NYU Tandon researchers are developing AI-powered exoskeletons to enhance human mobility for everyone
New NSF-funded project builds on prior Nature research; aims to bring lightweight robotic devices from laboratory demonstrations to real-world use for older adults and stroke survivors
Hao Su (left) with his students Ivan Sanchez and Sainan Zhang modeling modular knee exoskeleton and hip exoskeleton. Photo credit: Hao Su
Approximately 31 million Americans experience mobility disabilities, with nearly 27% of older adults facing significant difficulty walking or climbing stairs. Yet current robotics solutions remain largely confined to research laboratories.
The fundamental problem, as Hao Su at NYU Tandon School of Engineering explains, is that existing exoskeletons "don't really understand humans’ intention." Most rehabilitation exoskeletons require 30 minutes or more to calibrate for each user and are uncomfortably bulky and heavy at around or more than 30 pounds, making people reluctant to wear them.
Su is leading a multi-university research team that is pursuing a solution through a recently awarded $3.6 million collaborative NSF Growing Convergence Research grant.
Building on a 2024 study Su and his colleagues published in Nature that proved exoskeletons can leverage deep reinforcement learning to train control policies entirely in computer simulation, the new project aims to take this technology from healthy-subject laboratory demonstrations into real-world community use for healthy people, older adults, and those with disabilities.
Ultimately, the team’s goal is to create affordable, lightweight exoskeletons that are intelligent enough to adapt to the needs of older adults and stroke survivors without requiring lengthy setup, while also being comfortable enough for daily use in their communities.
"This is truly an interdisciplinary endeavor. Our work involves mechatronics design, electrical engineering, computer science, rehabilitation medicine, and gerontology," explains Su, an associate professor of Biomedical Engineering.
The team's approach, which Su refers to as "physical AI," represents a fundamental shift from traditional methods. "Standard approaches require collecting extensive training data from 20 to 40 people for each study. In our Nature paper (see video below), we showed that our system requires no physical data collection for training. Instead, we utilized publicly available data and trained our system to accommodate a wide range of users.

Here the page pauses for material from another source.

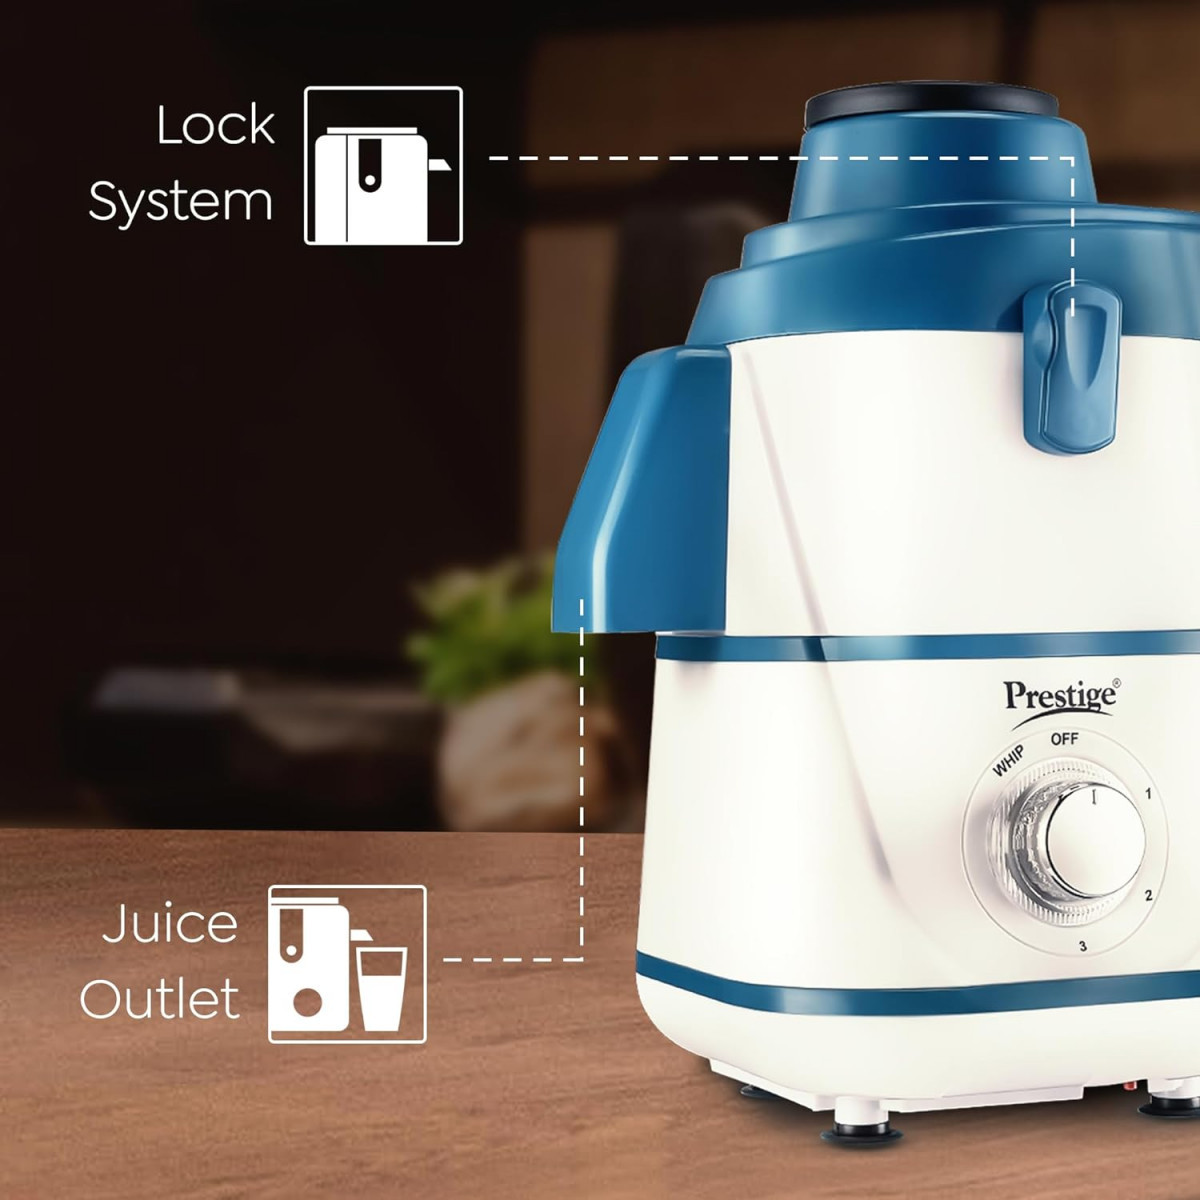 Prestige Breeze 500W Juicer Mixer Grinder With 2 Stainless Steel JarsDetachable Pulp CollectorDouble Lock SystemEfficient Stainless Steel SieveJuice OutletBlue  White

In this new project, we will use wearable sensors or cameras in smartphones to capture human movements to personalize control policies for each individual."
The approach uses a highly detailed virtual human body that simulates how hundreds of individual muscles and over 50 different joint movements work together. Using this virtual body, the team trains three AI systems that each handle different tasks: one learns natural human movement patterns, another determines which muscles should activate during movements, and a third decides what assistance the exoskeleton should provide in real-time.
The efficiency of this approach is remarkable. "The AI system that controls the exoskeleton only needs to train once for a few hours in the simulation. During this learning process, it gradually learned to generate effective assistance for walking, running, and stair climbing activities. In this new project, we will expand knowledge of assistive controllers to pathological gaits and more activities," Su explains.
The Nature study showed that people wearing the exoskeleton used 24.3% less energy during walking, 13.1% less during running, and 15.4% less during stair climbing. The mechatronics innovation of their robots is equally significant. Su's team has systematically reduced complexity and weight.
"We eliminated, for example, an expensive torque sensor by developing a new algorithm that estimates the same measurements using software instead of hardware. This makes the device lighter and much cheaper," Su explains. The team has built approximately 30 iterations of the device, each progressively lighter and more comfortable. The team’s version weighs about 6.6 pounds, as published in IEEE/ASME Transactions on Mechatronics 2025, compared to 30-pound tethered systems that confine users to laboratory treadmills.
The project’s vision extends beyond medical applications. "Our goal is what we call exoskeletons for everyone and everywhere,” said Su. “It's possible exoskeletons could be used, for example, for recreational activities like hiking. Or simply to make it easier for anyone to walk farther or longer distances in their daily lives."
The research team’s co-principal investigators are Xianlian Alex Zhou at New Jersey Institute of Technology (NJIT), Pamela Cacchione and Michelle Johnson at the University of Pennsylvania, Xiaoyue Ni at Duke University, and Bolei Zhou at UCLA.
Yan Y, Huang JS, Zhu J, Hou Z, Gao W, Lopez-Sanchez I, Srinivasan N, Srihari A, Su H. Compact and Foldable Hip Exoskeleton With High Torque Density Actuator for Walking and Stair-Climbing Assistance in Young and Elderly Adults. IEEE/ASME Transactions on Mechatronics. 2025 Jul 8.